What to produce:
Which lines run from the one containing "Луковая маска для" to the end of the material below? Copy them exactly, pictures excluded.

The data:
»»

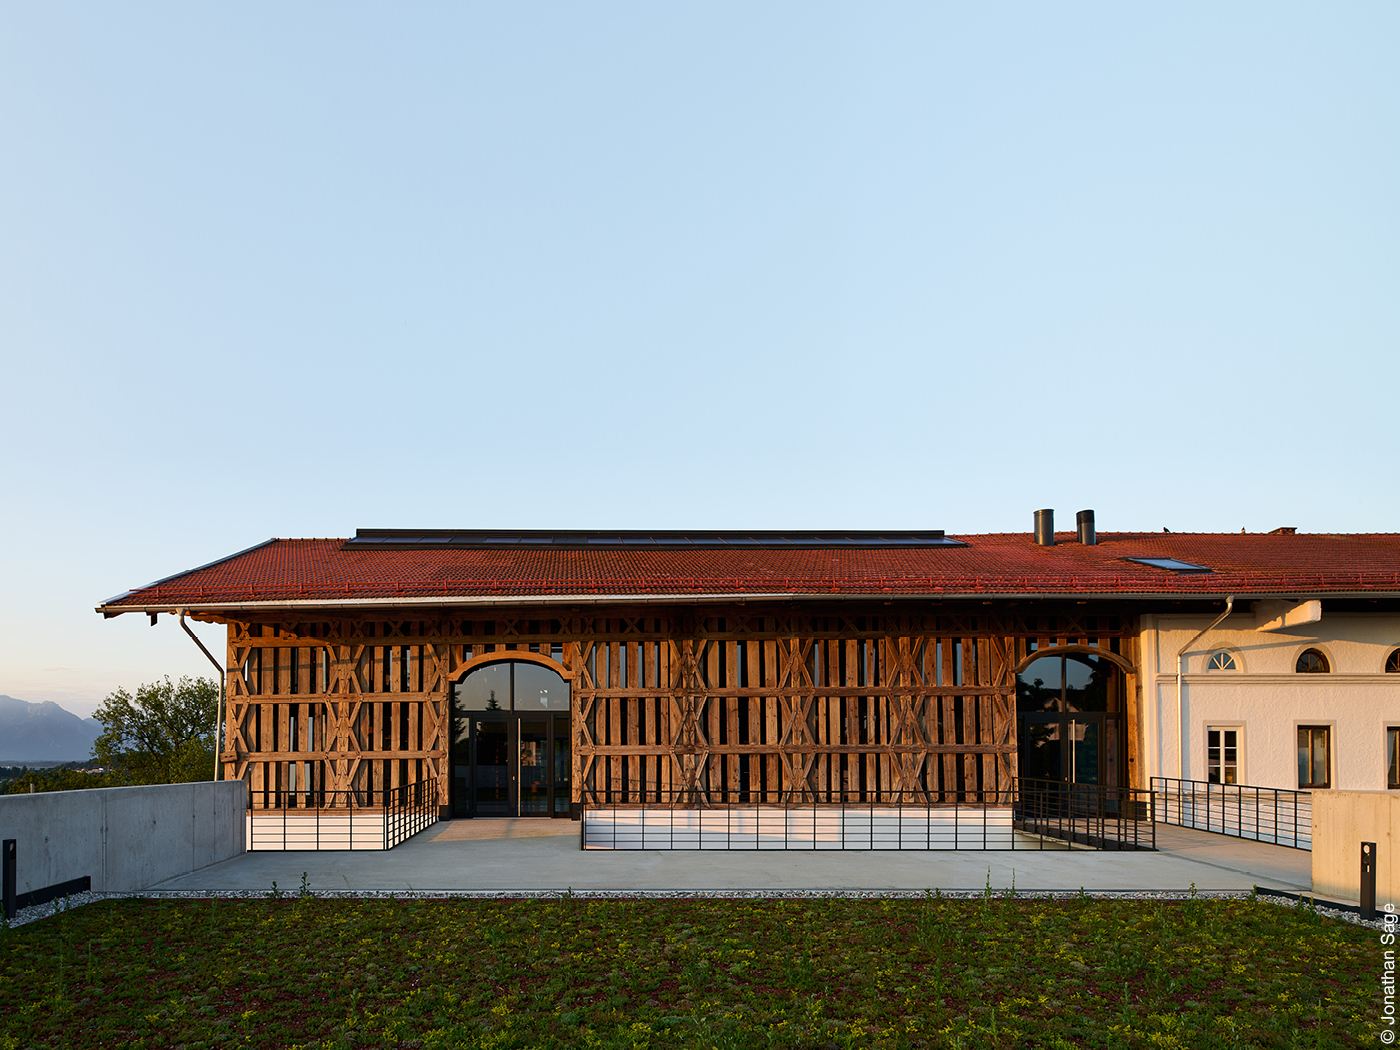 Flaches Haus mit kunstvoller Holzfassade, davor Rasen, dahinter Berge
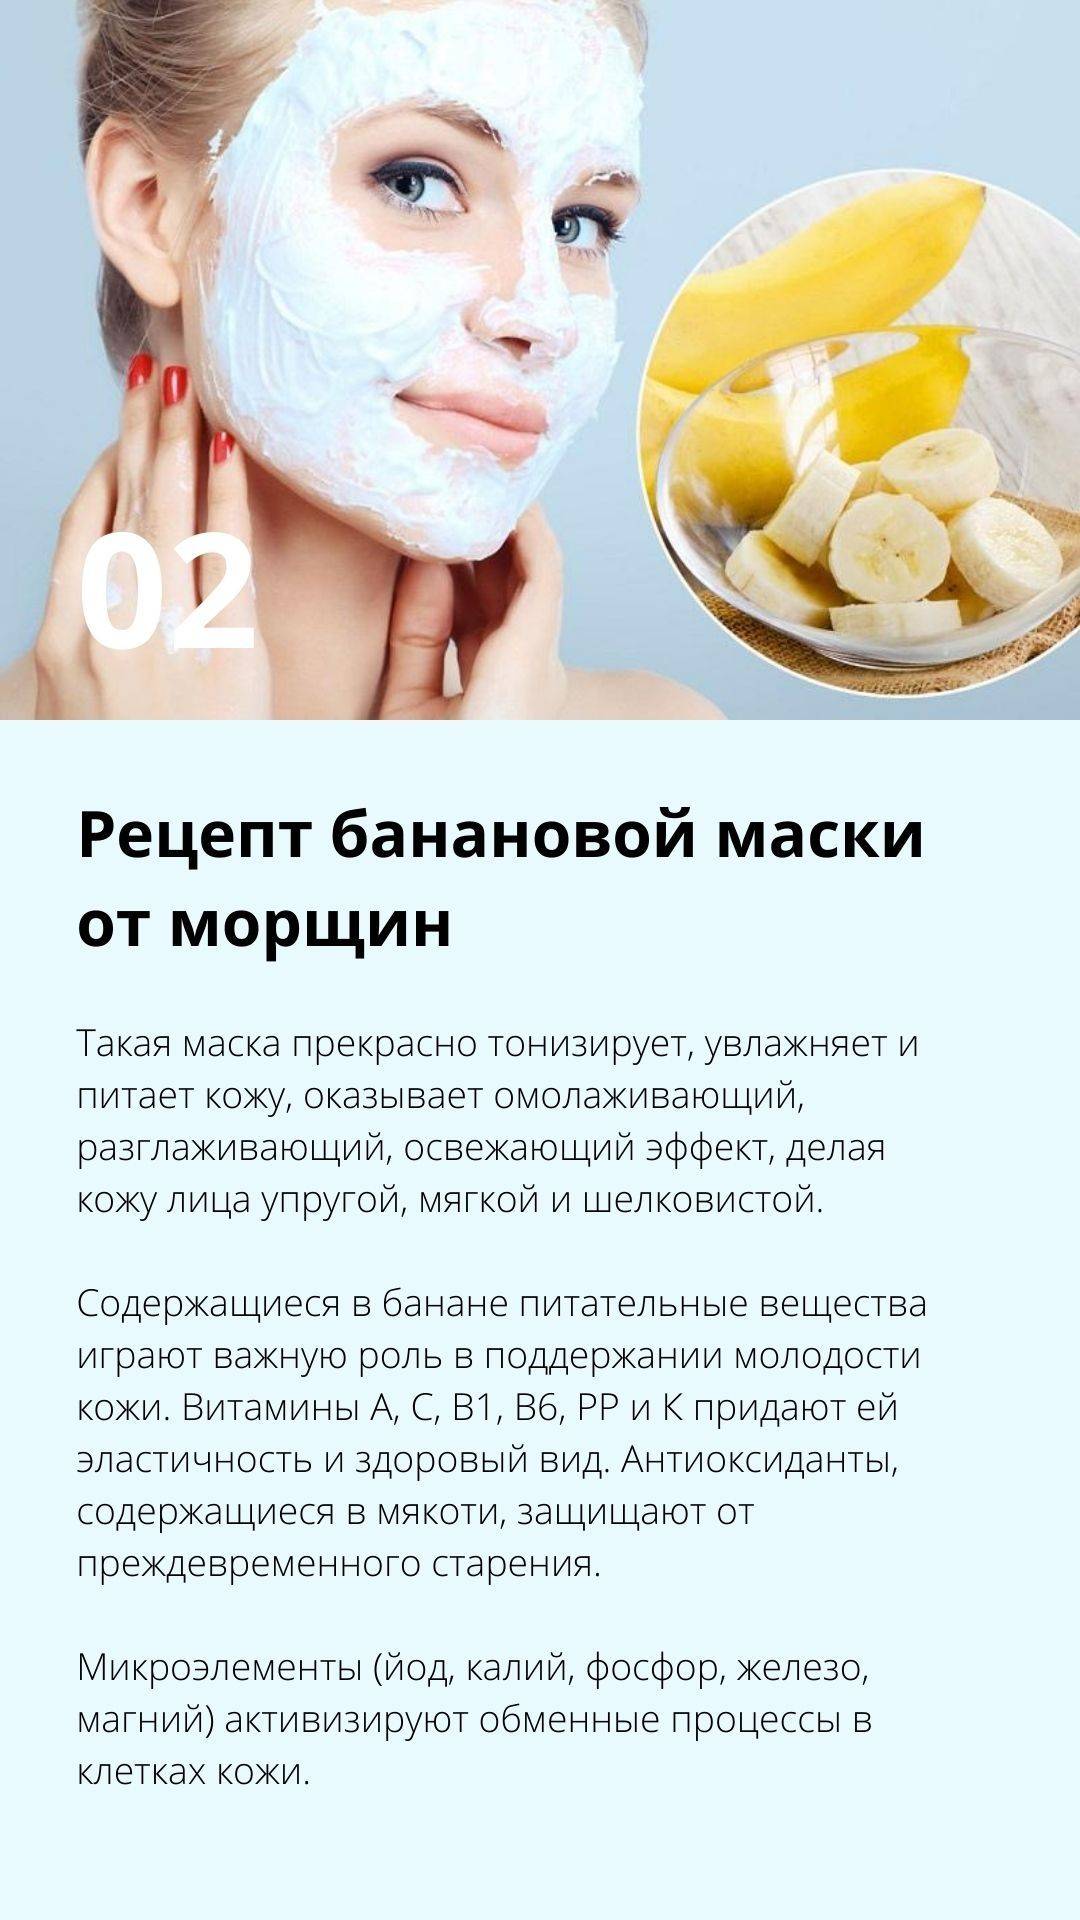 Луковая маска для волос против выпадения рецепты с лопухом, медом, лимоном отзывы
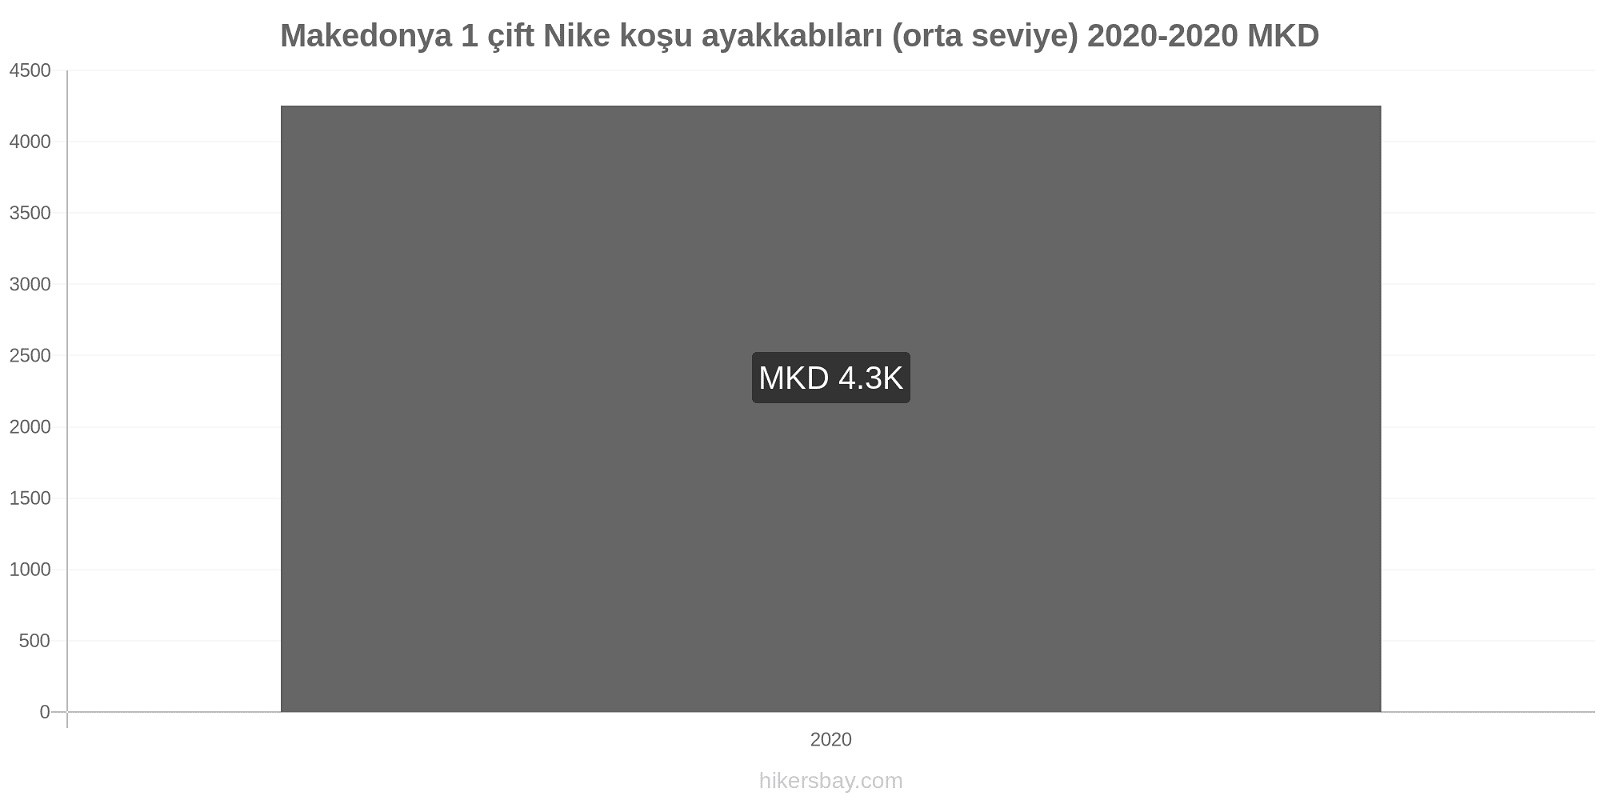 Makedonya fiyat değişiklikleri 1 çift Nike koşu ayakkabıları (orta seviye) hikersbay.com

««

Solution:
 Луковая маска для волос против выпадения рецепты с лопухом, медом, лимоном отзывы
 Makedonya fiyat değişiklikleri 1 çift Nike koşu ayakkabıları (orta seviye) hikersbay.com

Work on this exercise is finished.